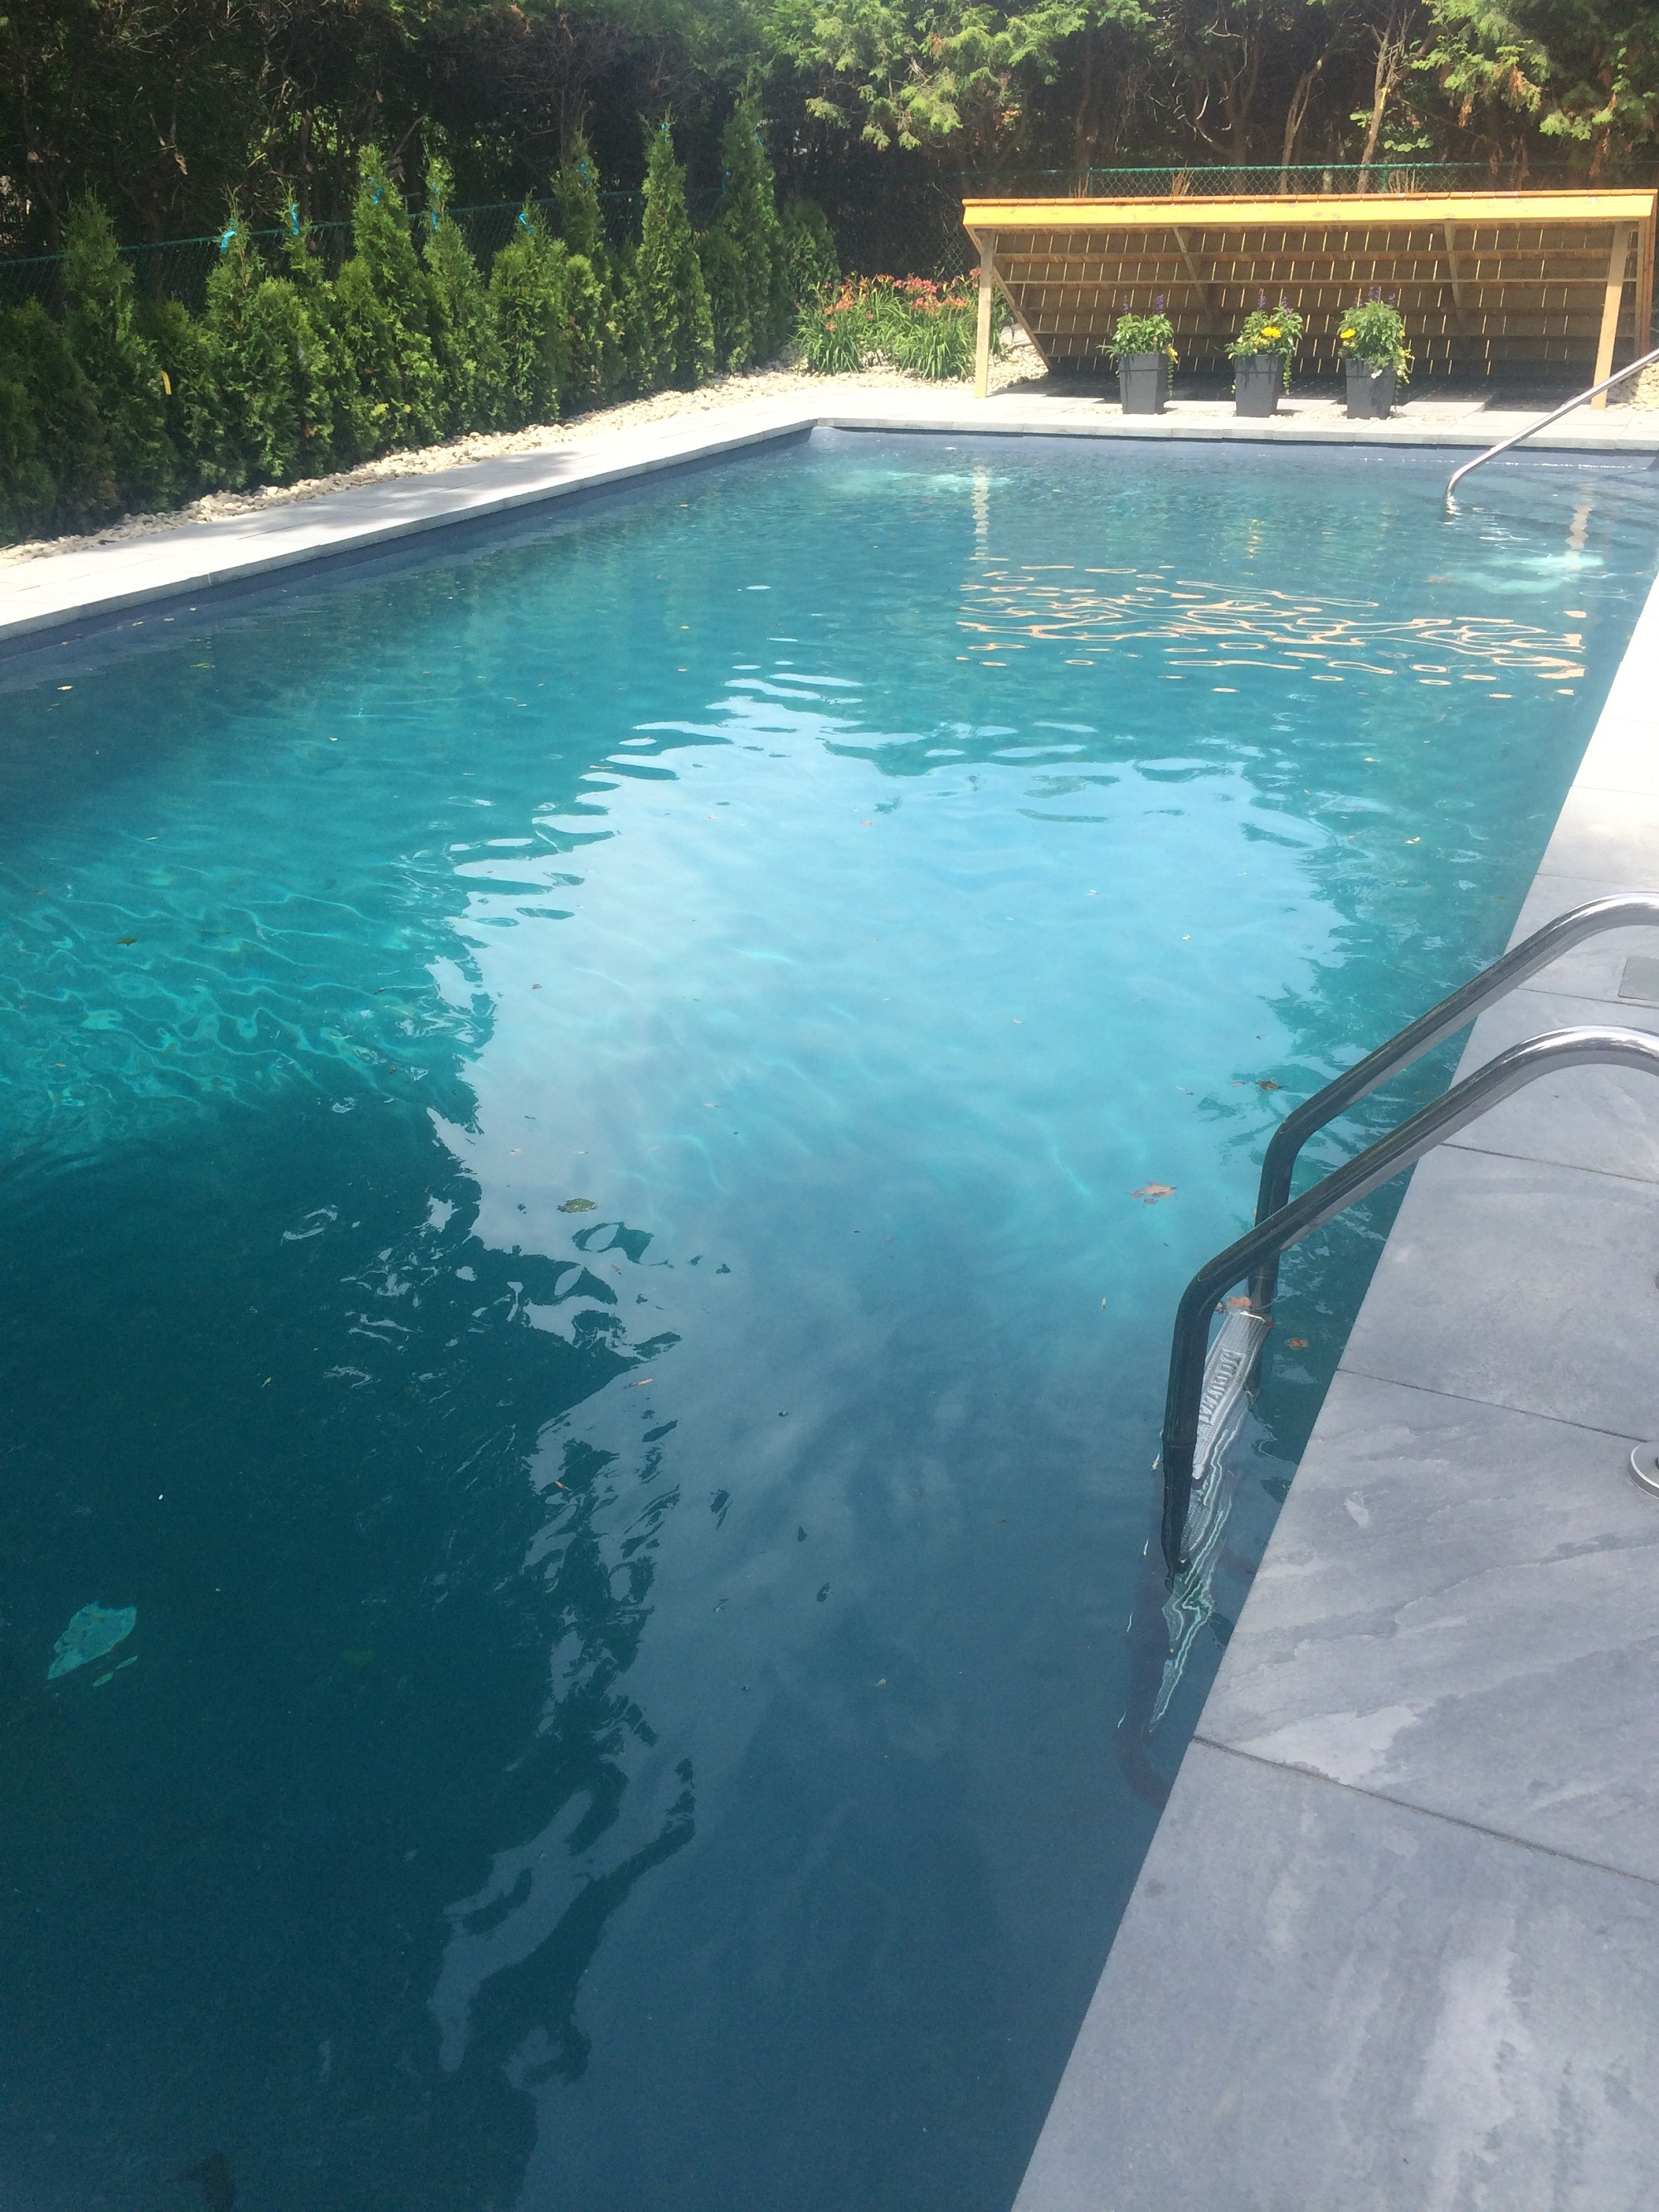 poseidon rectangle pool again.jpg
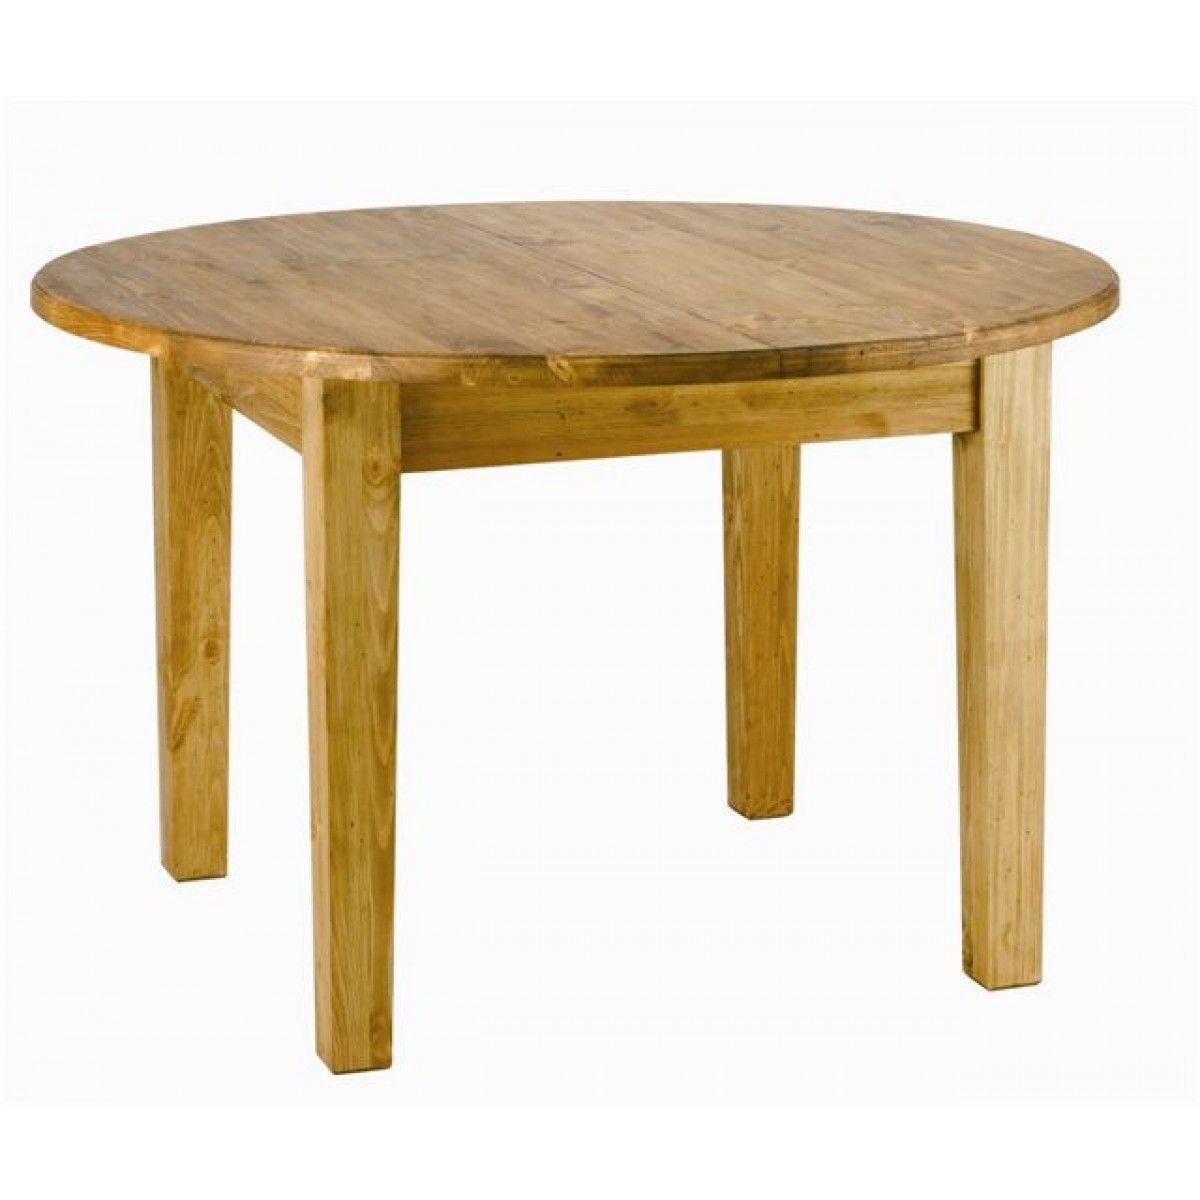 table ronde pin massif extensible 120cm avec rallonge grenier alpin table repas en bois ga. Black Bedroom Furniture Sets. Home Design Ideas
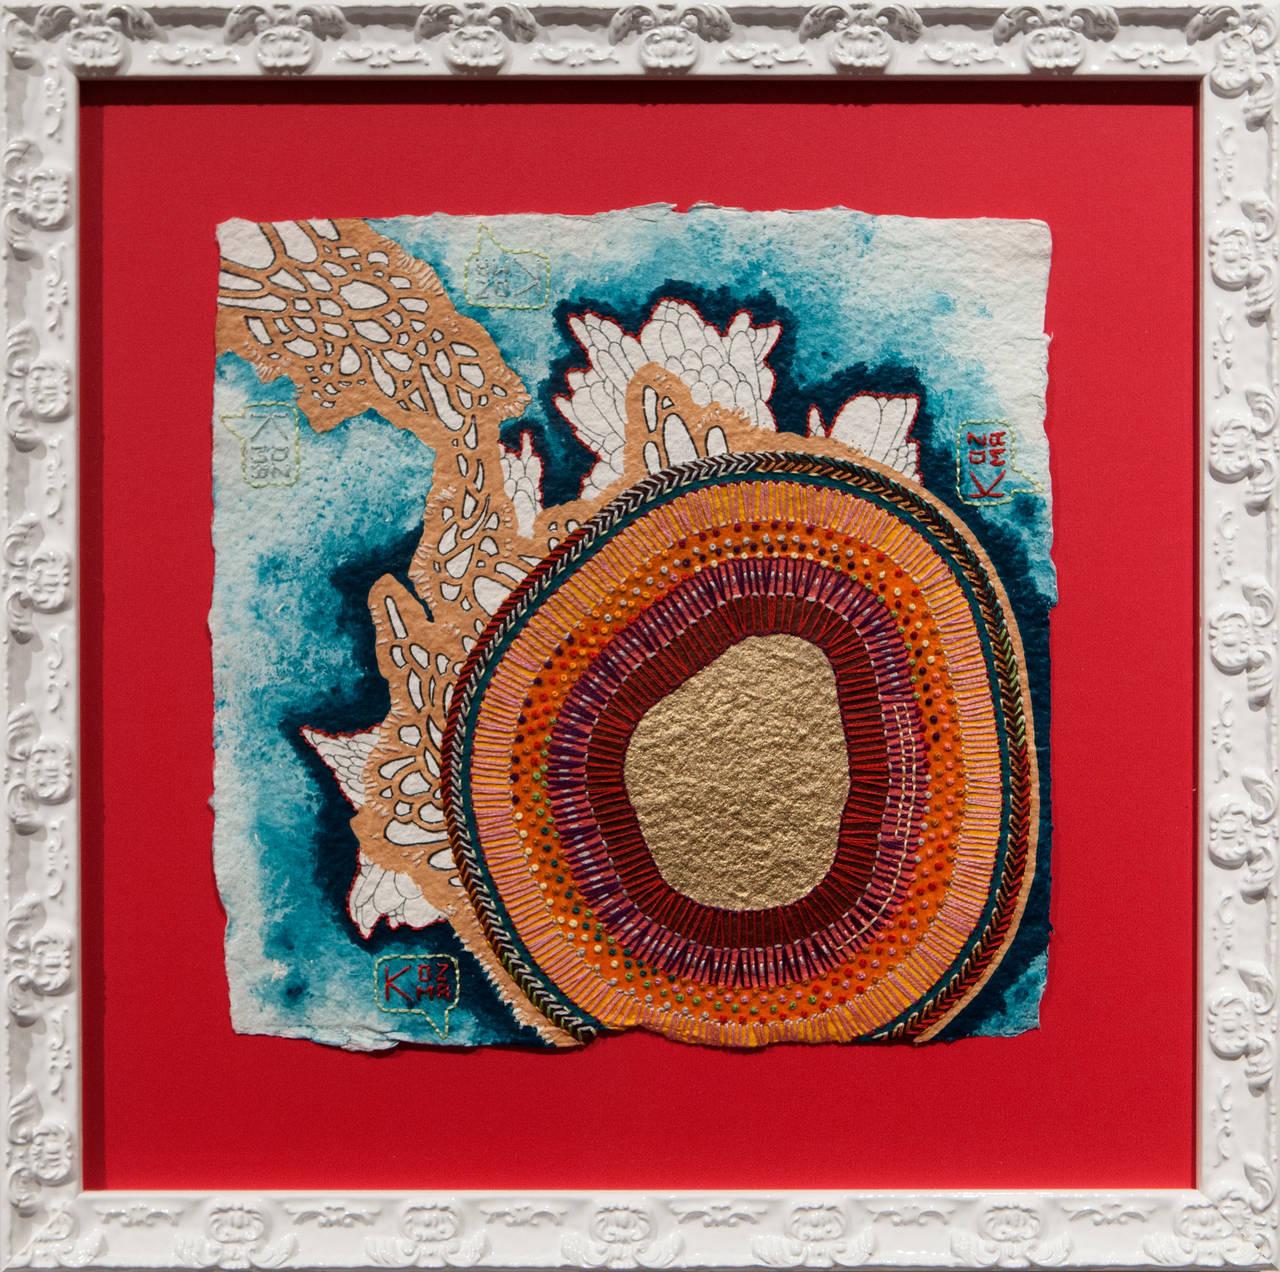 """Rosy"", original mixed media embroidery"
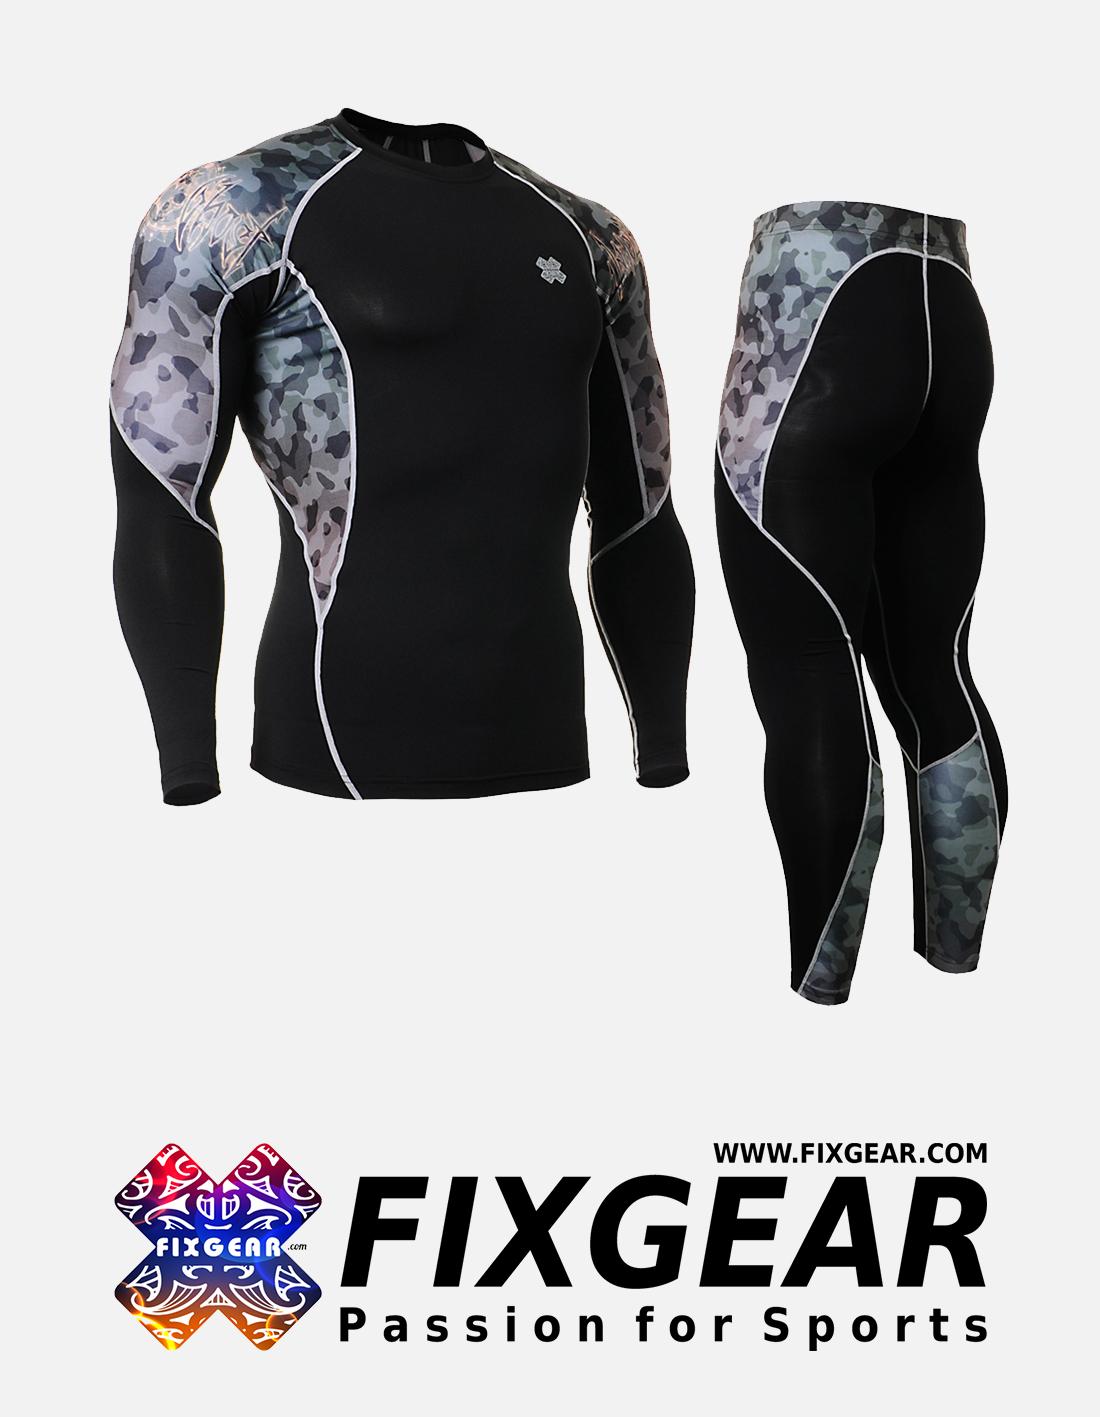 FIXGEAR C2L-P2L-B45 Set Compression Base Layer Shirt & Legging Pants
-------------------------
* **Problem to work on**:
An exact printout of the listing is needed, minus any pictures it contains.

* **Response to this task**:
 poseidon rectangle pool again.jpg
 table ronde pin massif extensible 120cm avec rallonge grenier alpin table repas en bois ga. Black Bedroom Furniture Sets. Home Design Ideas
 """Rosy"", original mixed media embroidery"
 FIXGEAR C2L-P2L-B45 Set Compression Base Layer Shirt & Legging Pants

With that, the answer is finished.